• **Dataset content**:
········
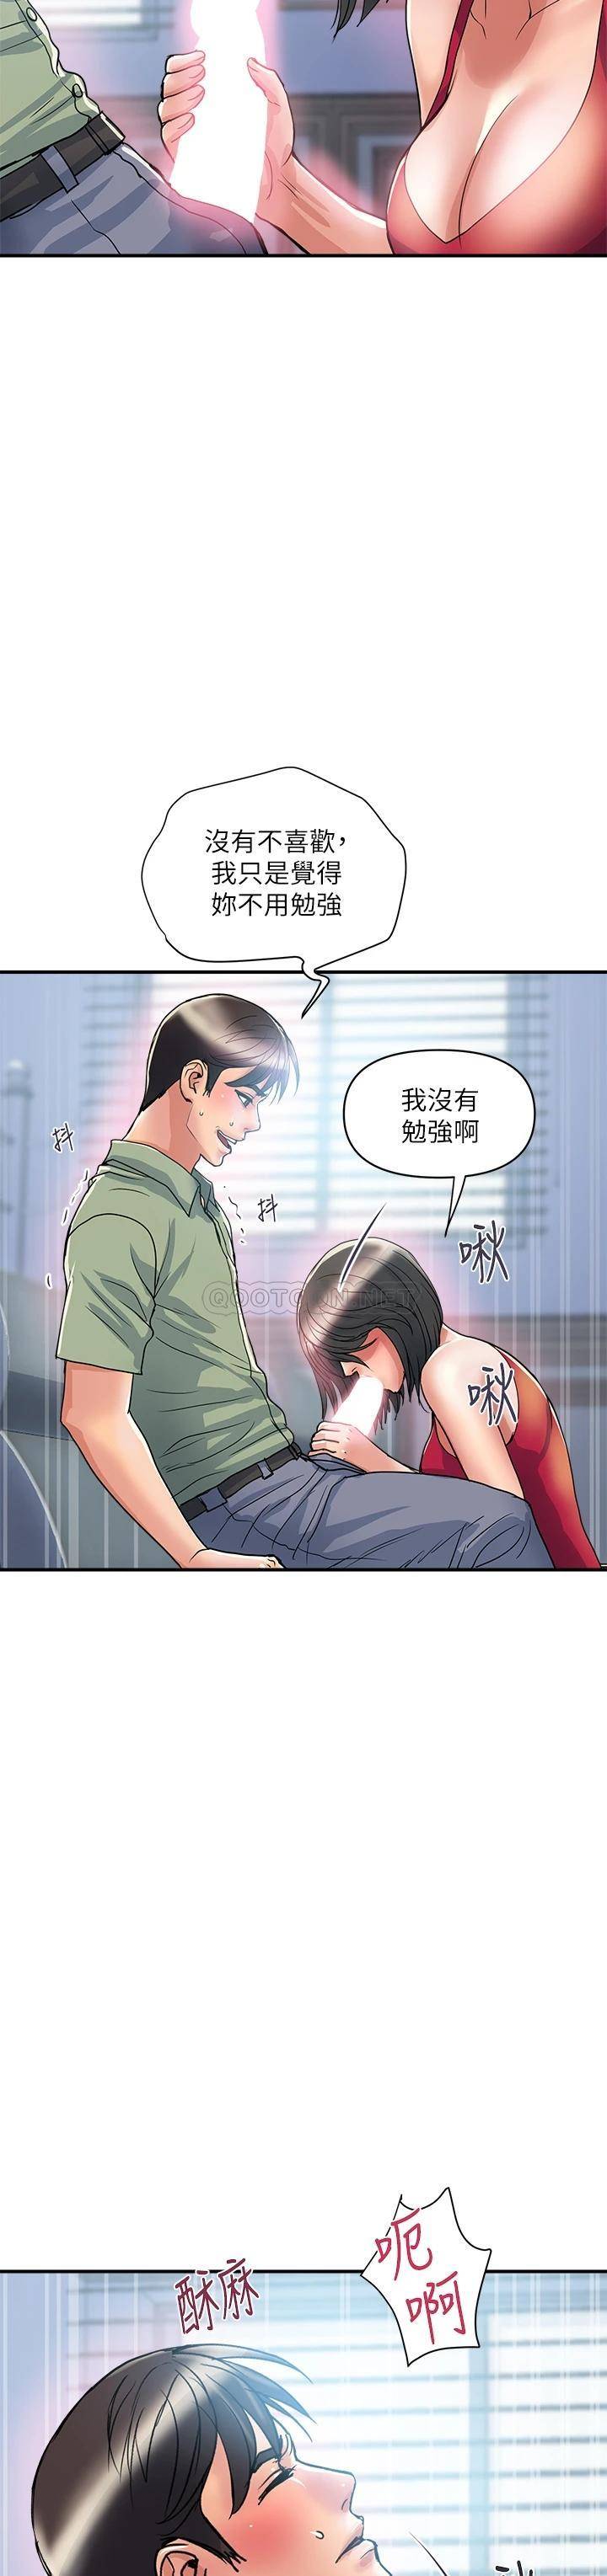 韩国污漫画 行走費洛蒙 第51话以乳交展开的办公室play 3
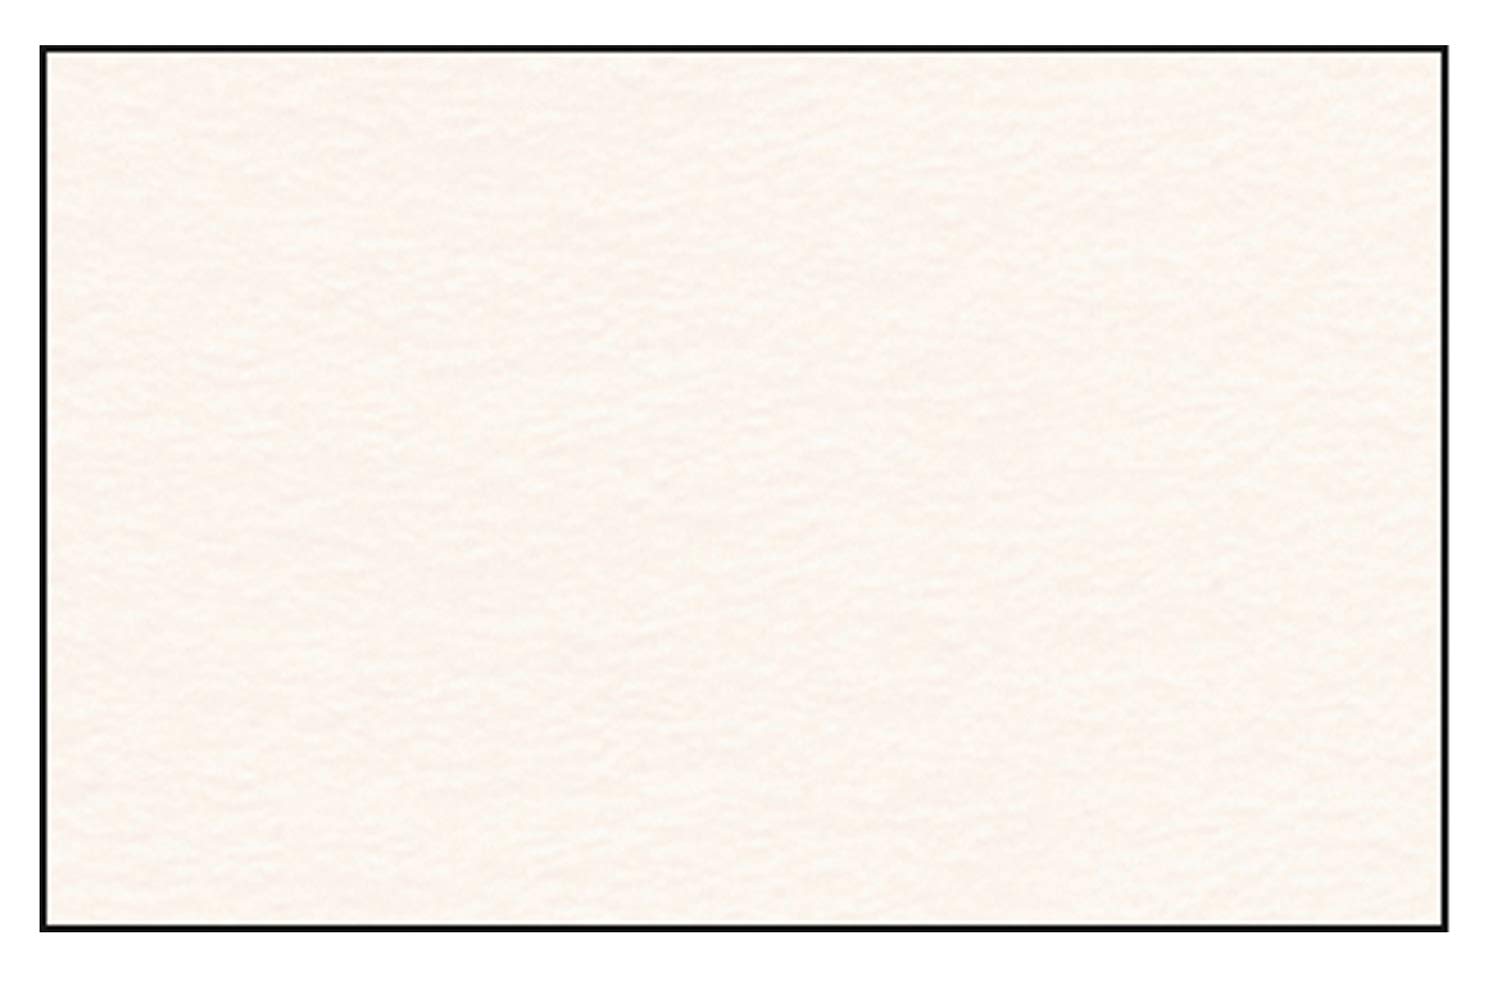 Ursus 3774620 - Fotokarton rosé, DIN A4, 300 g/qm, 50 Blatt, durchgefärbt, hohe Farbbrillanz und Lichtbeständigkeit, aus frischzellulose, ideale Grundlage für kreative Bastelarbeiten
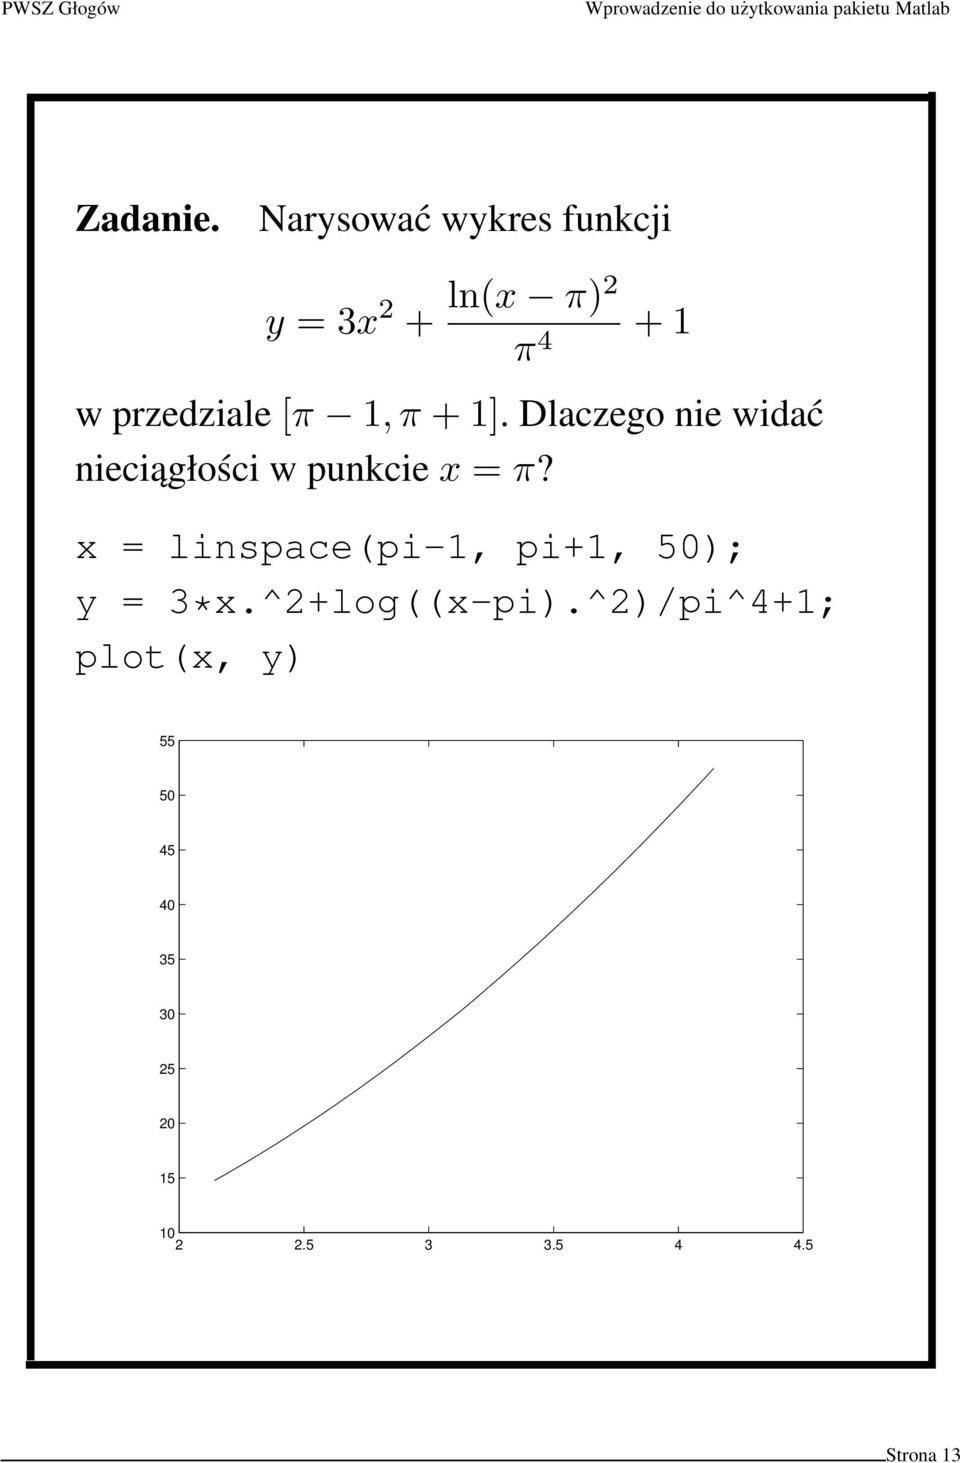 [π 1, π + 1]. Dlaczego nie widać nieciągłości w punkcie x = π?
········
• **Assignment**:
From the line with "Ursus 3774620 - Fotokarton" through the final line of the data above, copy everything exactly, both ends included, but not the pictures.

• **Solution for this problem**:
 Ursus 3774620 - Fotokarton rosé, DIN A4, 300 g/qm, 50 Blatt, durchgefärbt, hohe Farbbrillanz und Lichtbeständigkeit, aus frischzellulose, ideale Grundlage für kreative Bastelarbeiten
 [π 1, π + 1]. Dlaczego nie widać nieciągłości w punkcie x = π?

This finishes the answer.